Tak Nyaman Menanti Kepastian, Relokasi Dua Sekolah Tergusur Waduk Tukul

PACITAN – Suasana kegiatan belajar-mengajar (KBM) di SDN 2 Karanggede dan SMPN 4 Arjosari Satu Atap belakangan ini tak kondusif. Tenaga pendidik hingga wali siswa dua satuan pendidikan itu harap-harap cemas menanti kepastian tempat relokasi. Lahan dan bangunannya bakal tergusur pembangunan megaproyek Waduk Tukul. ‘’Kasihan anak-anak kalau terlalu lama menunggu,’’ kata Marfuad, salah seorang wali siswa, Selasa (23/7).

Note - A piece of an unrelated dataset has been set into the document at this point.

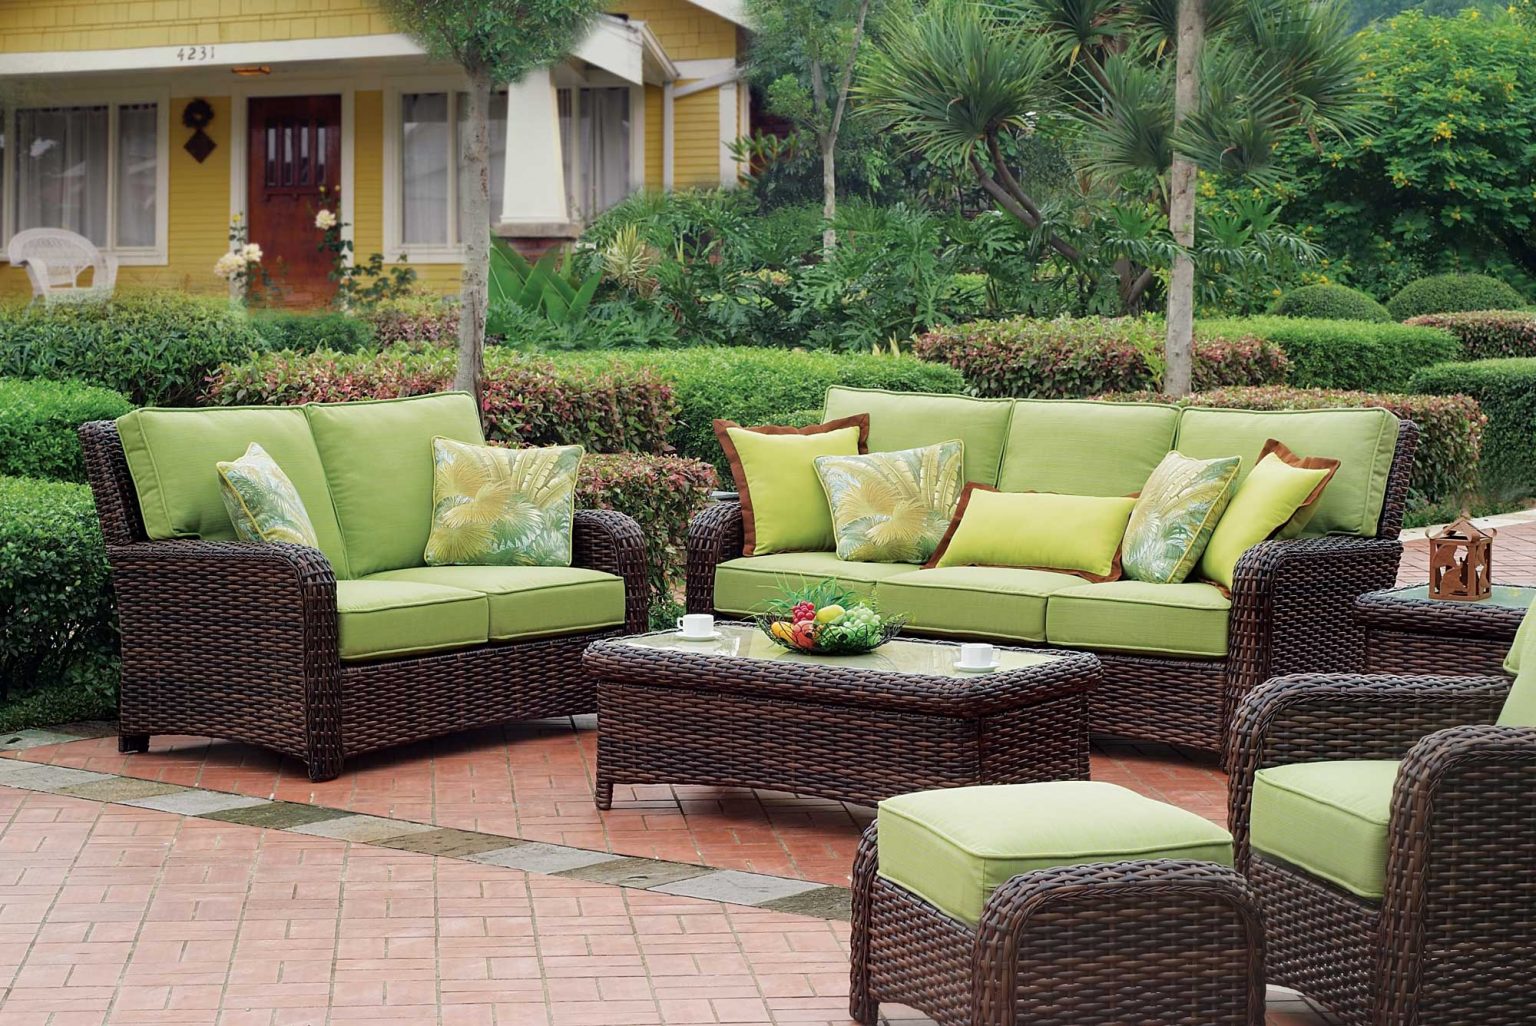 Outdoor Furniture In Bangalore 1536x1026

Menurut Marfuad, progres pembangunan waduk dari hari ke hari semakin meningkat. Bangunannya melebar hingga mendekati sekolah. Jika tidak segera ada pemindahan tempat belajar, siswa bakal terkena dampaknya, seperti menghirup debu. ‘’Biar orang tua juga bisa tenang,’’ ujar warga Desa Karanggede, Arjosari, itu ditemui saat menjemput anaknya sekolah.

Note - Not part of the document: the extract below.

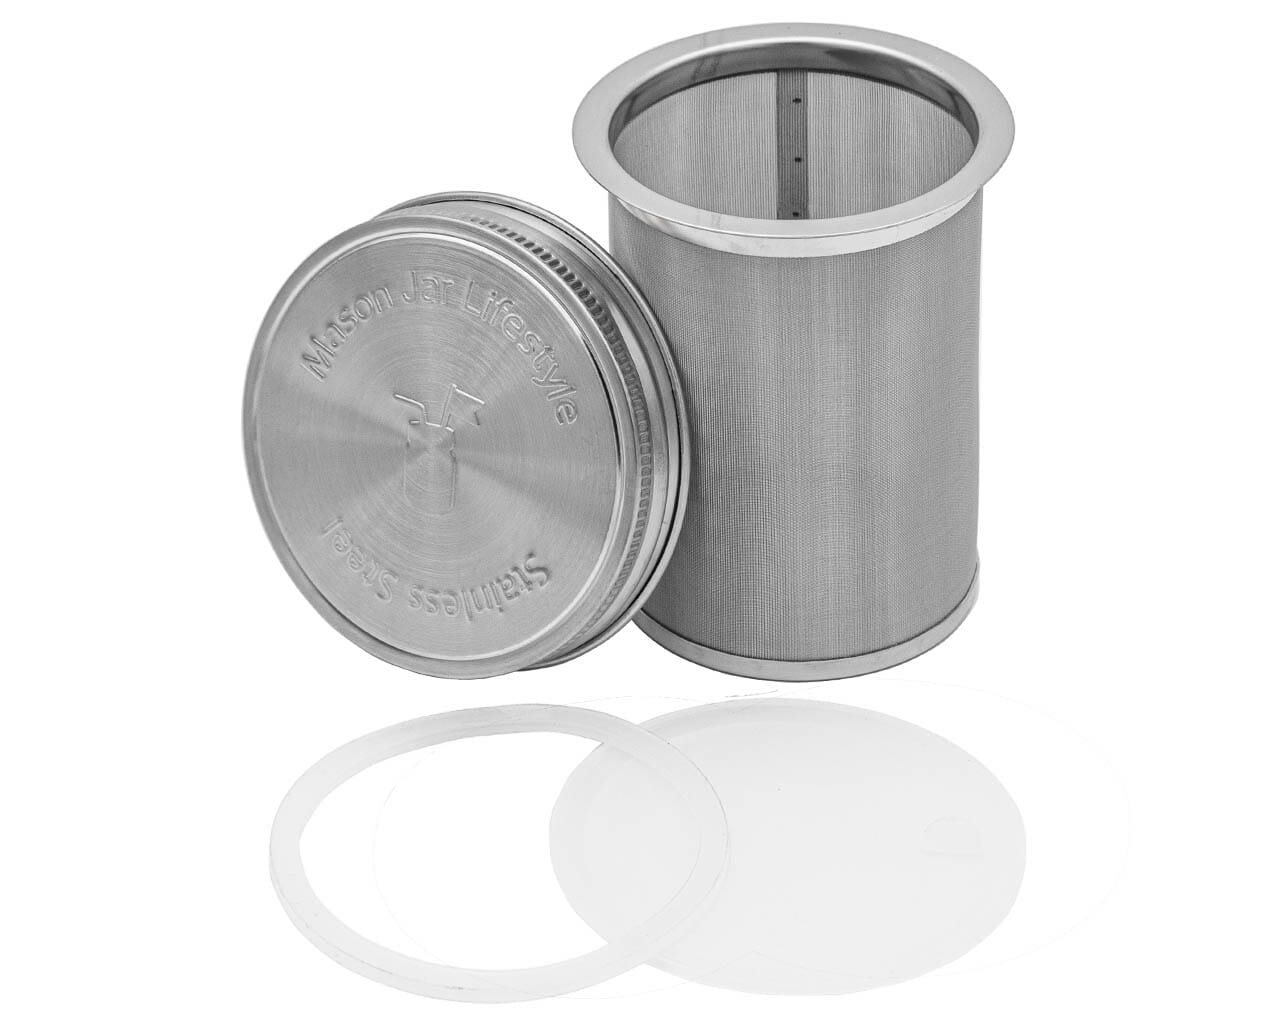 Cold Brew Coffee and Tea Maker Stainless Steel Filter for Mason Jars with Lid and 2 Silicone Seals (No Jar, pint)

Sutrisno, salah seorang guru SDN 2 Karanggede, berharap segera ada kepastian relokasi. Sehingga KBM bisa berjalan aman dan nyaman. Tidak hanya dirasakan para siswa, tapi juga pengajar. ‘’Hingga kini pelaksanaan KBM sebetulnya tidak terganggu. Tapi, alangkah baiknya tidak perlu sampai menunggu terlalu lama,’’ ucap guru kelas VI tersebut.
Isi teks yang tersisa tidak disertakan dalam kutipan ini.